– Он неверующий, – усмехнулся Грушин. – Да и какой из меня духовник? Но если человек тебе спас жизнь, разве ты не будешь рад выполнить его просьбу, тем паче столь незначительную?
– Жизнь спас? – недоверчиво уставилась на него Женя. – Кто кому? Ты ему, что ли? Или…
– А вот над этим, – ехидно перебил Грушин и подтолкнул Женю к дверям, – ты поразмыслишь в приемной. Шесть секунд, и я тебя покличу обратно. Пока что покури там с Эмкой.
– Да я не курю, ты что, не знаешь? – уныло ответила Женя двери, захлопнувшейся прямо перед ее носом.

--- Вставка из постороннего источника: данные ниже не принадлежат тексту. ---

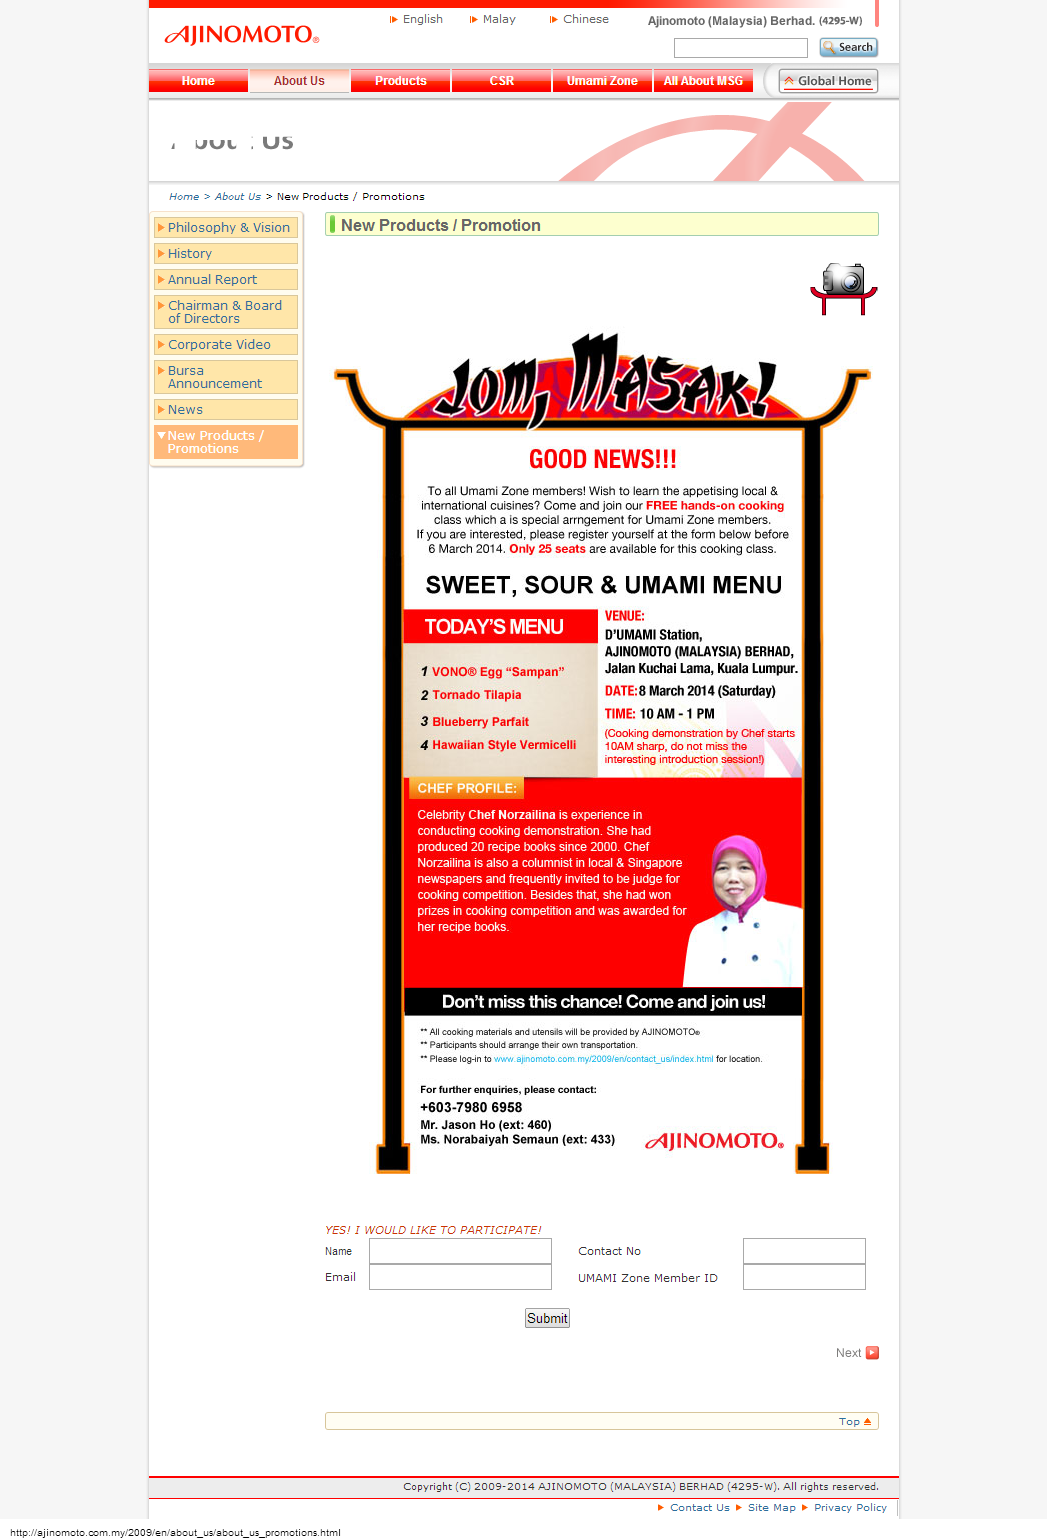 ajinomoto-news

– Выставил? – понимающе усмехнулась Эмма, взглянув на ее обескураженную физиономию. – Секретный звоночек? Ну до чего же наш Грушин любит тень на плетень наводить – спасу нет! Такой умный, а дурак: у меня же телефон параллельный! Только трубку не ленись поднимать. Если б хотела, сто-олько знала бы! – Эмма схватилась за голову. – Однако я живу по принципу: меньше знаешь – лучше спишь. А ты, если угодно, можешь полюбопытствовать.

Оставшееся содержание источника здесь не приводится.